PrefectHQ / prefect

Prefect is a workflow orchestration framework for building resilient data pipelines in Python.
https://prefect.io
Apache License 2.0
17.65k stars 1.65k forks source link

Client functions have limit even when set to None #15963

Open mitchell-lawson opened 3 weeks ago

mitchell-lawson commented 3 weeks ago

Bug summary

When interacting with the prefect client, documentation does not clarify that you must paginate via the offset parameter even when limit is set to None. The limit in reality is 200, even when set to None. Our environment has >2000 deployments and I ran the code below to find out this limit. This is present in all client functions that have the limit parameter.  

from prefect import get_client
from asyncio import run

async def main():
    client =  get_client()
    deployments = await client.read_deployments(limit=None)

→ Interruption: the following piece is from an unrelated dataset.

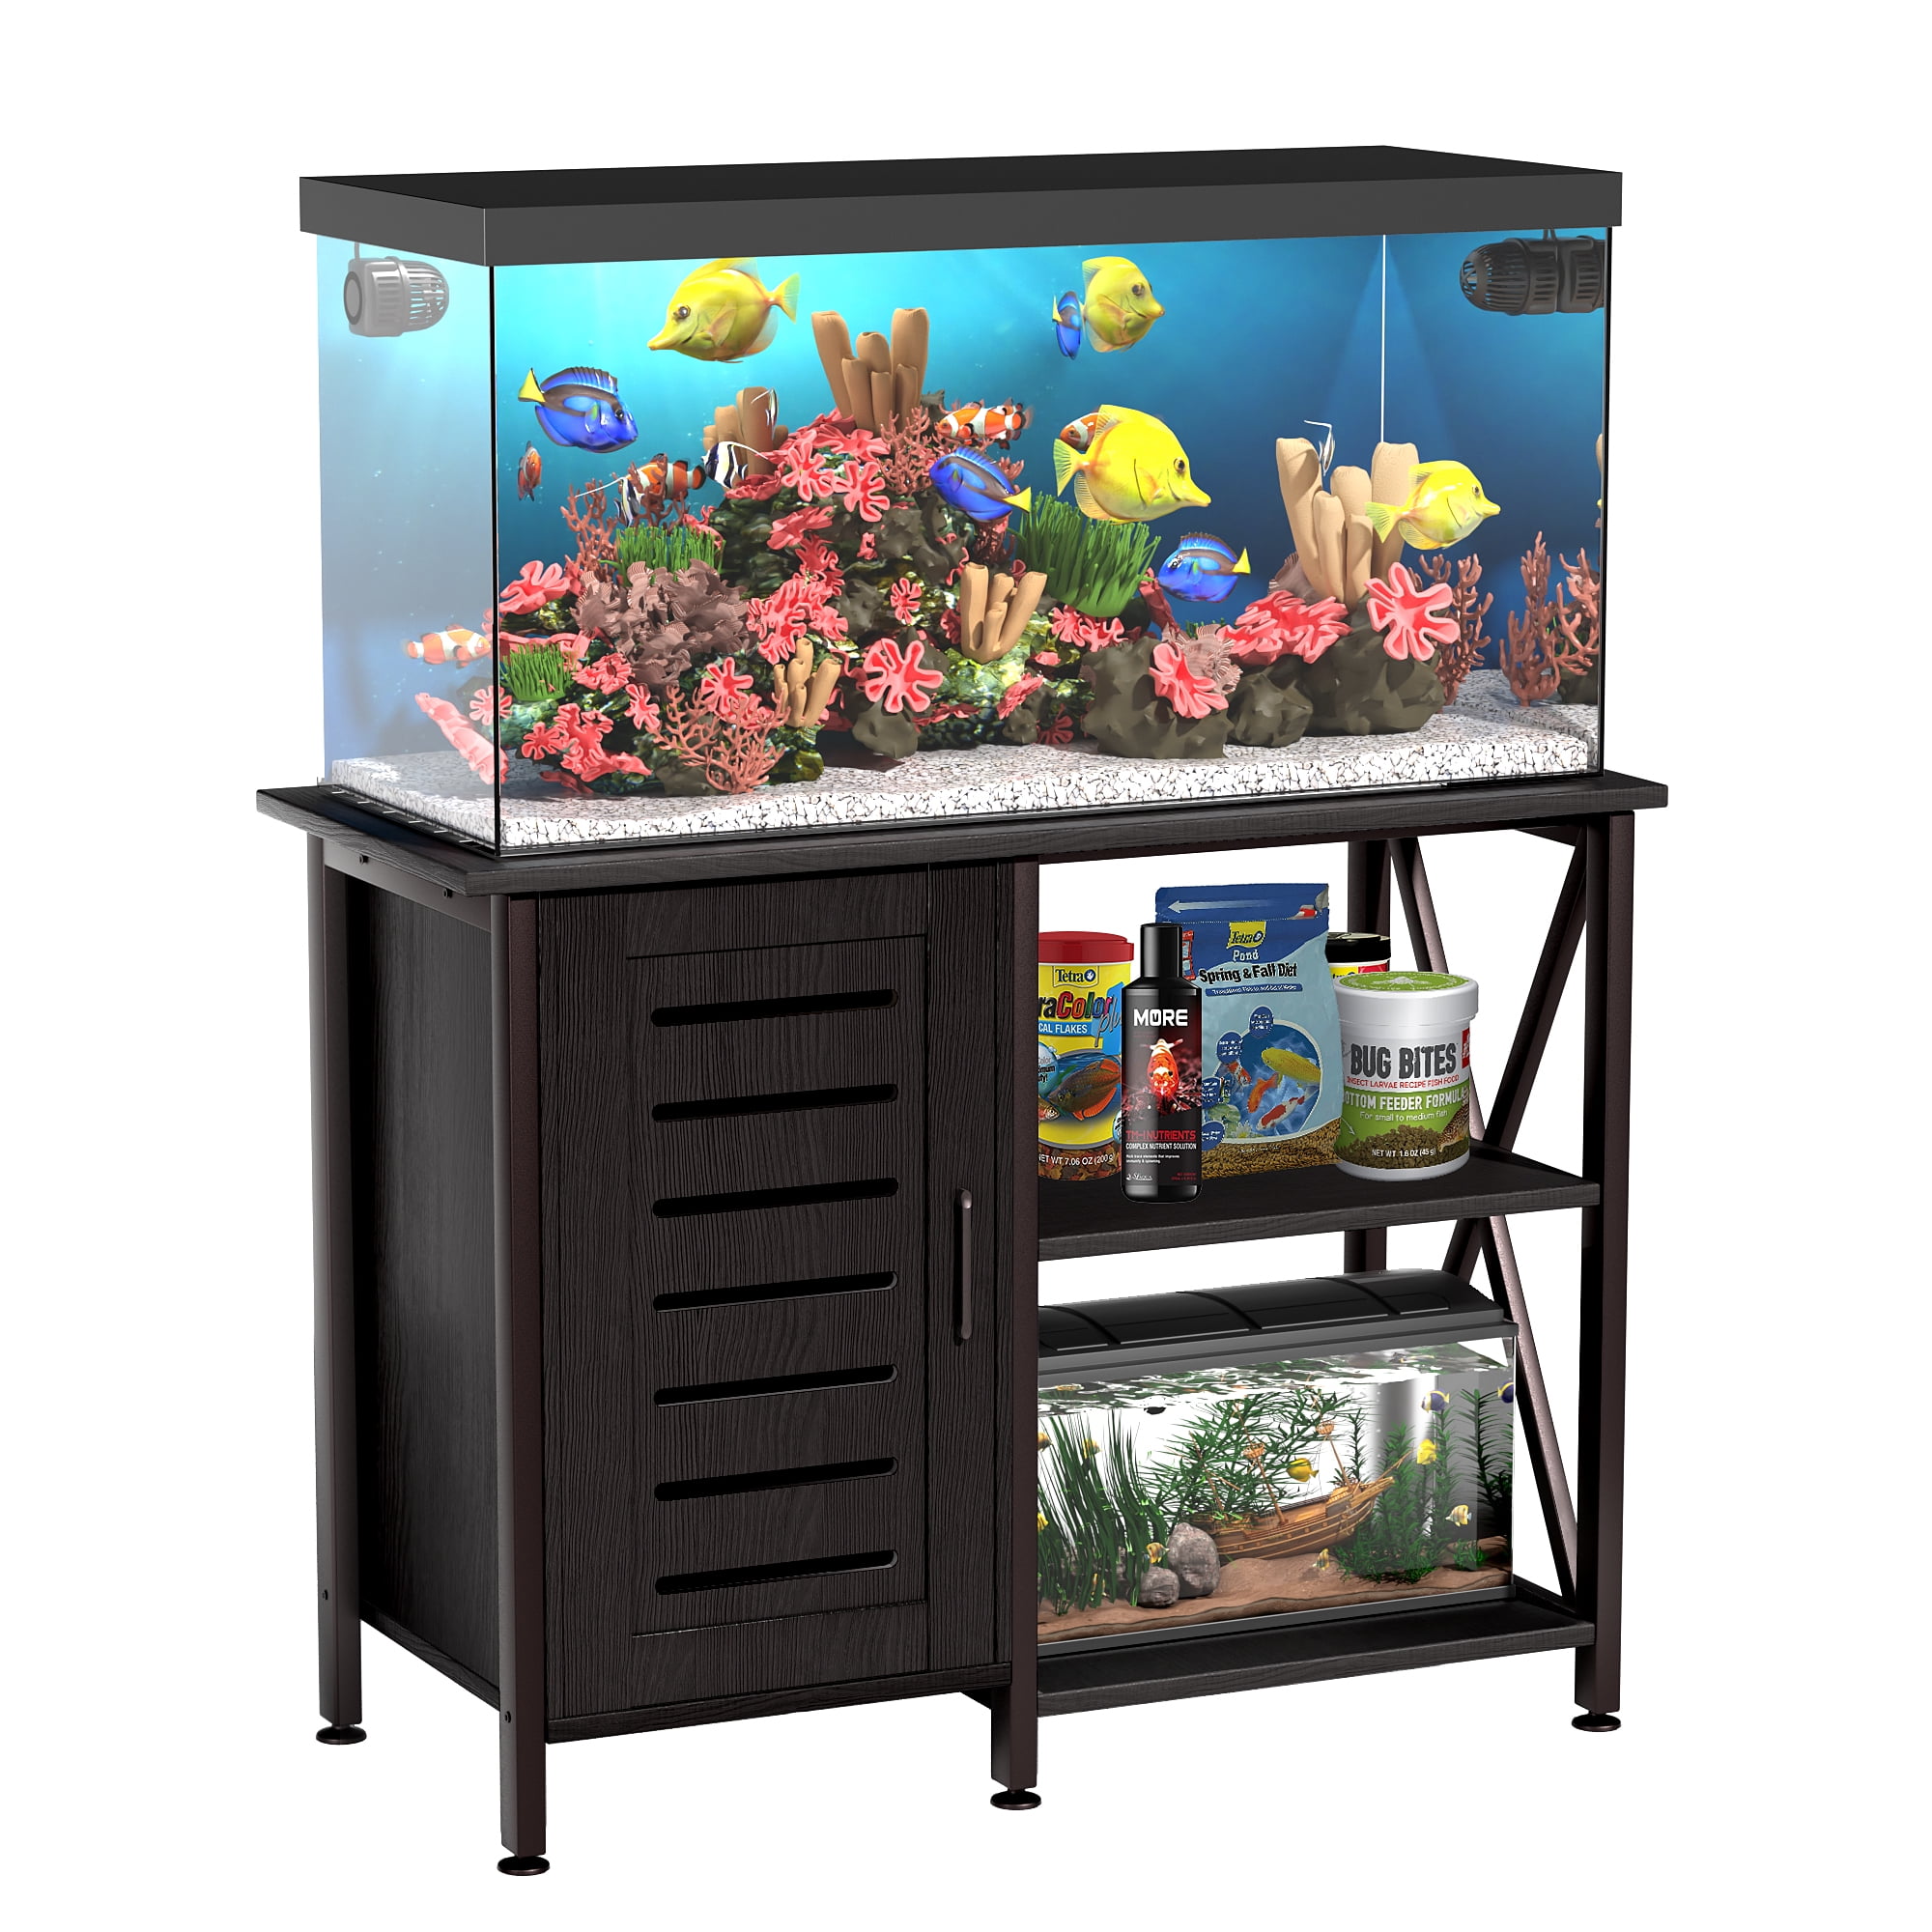 Herture Fish Tank Stand with Cabinet, 40-50 Gallon Aquarium Stand
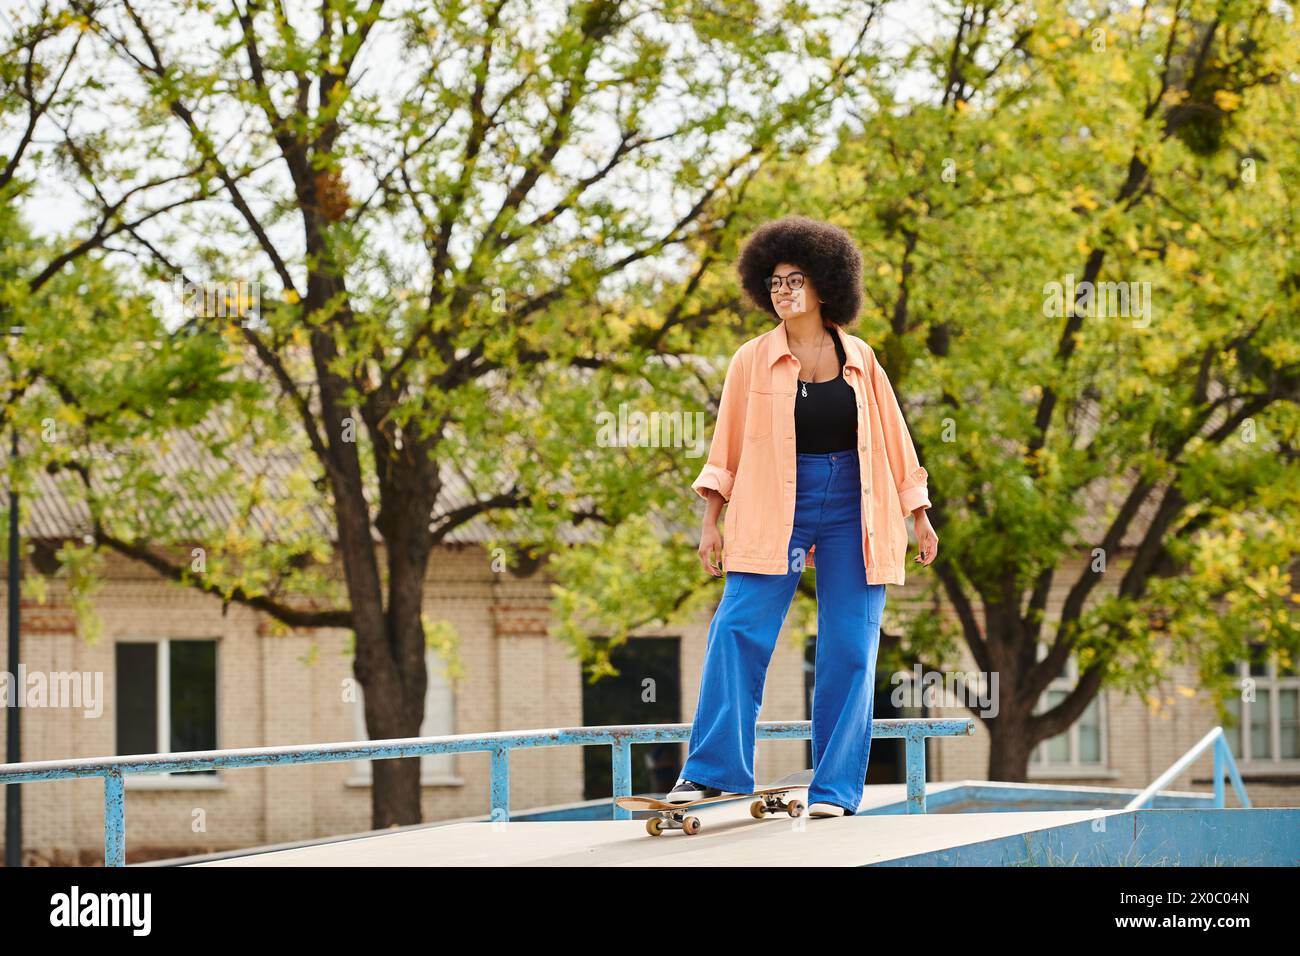 Young African American woman with curly hair skillfully riding a skateboard on top of a ramp at an outdoor skate park. Stock Photo

    assert len(deployments) == 200 # passes
    assert len(deployments) > 200 # fails

if __name__ == "__main__":
    run(main())

Version info

Version:             2.19.3
API version:         0.8.4
Python version:      3.11.9
Git commit:          ce378efe
Built:               Thu, May 30, 2024 11:59 AM
OS/Arch:             linux/x86_64
Profile:             default
Server type:         server

There is also no reference to this in prefect 3.x

Additional context

From the python docs:

    async def read_deployments(
        self,
        *,
        flow_filter: FlowFilter = None,
        flow_run_filter: FlowRunFilter = None,
        task_run_filter: TaskRunFilter = None,
        deployment_filter: DeploymentFilter = None,
        work_pool_filter: WorkPoolFilter = None,
        work_queue_filter: WorkQueueFilter = None,
        limit: int = None,
        sort: DeploymentSort = None,
        offset: int = 0,
    ) -> List[DeploymentResponse]:
        """
        Query the Prefect API for deployments. Only deployments matching all
        the provided criteria will be returned.

        Args:
            flow_filter: filter criteria for flows
            flow_run_filter: filter criteria for flow runs
            task_run_filter: filter criteria for task runs
            deployment_filter: filter criteria for deployments
            work_pool_filter: filter criteria for work pools
            work_queue_filter: filter criteria for work pool queues
            limit: a limit for the deployment query
            offset: an offset for the deployment query

        Returns:
            a list of Deployment model representations
                of the deployments
        """

There is no additional info in the online docs either.

cicdw commented 3 weeks ago

Hi @mitchell-lawson - thank you for the issue! This is really confusing, we will update.

In the meantime for your understanding: the default limit is a Prefect setting on your server / API that can be configured through PREFECT_API_DEFAULT_LIMIT (which defaults to 200). Just remember that you need to set this setting on the server process, not the client process, in order for it to be picked up.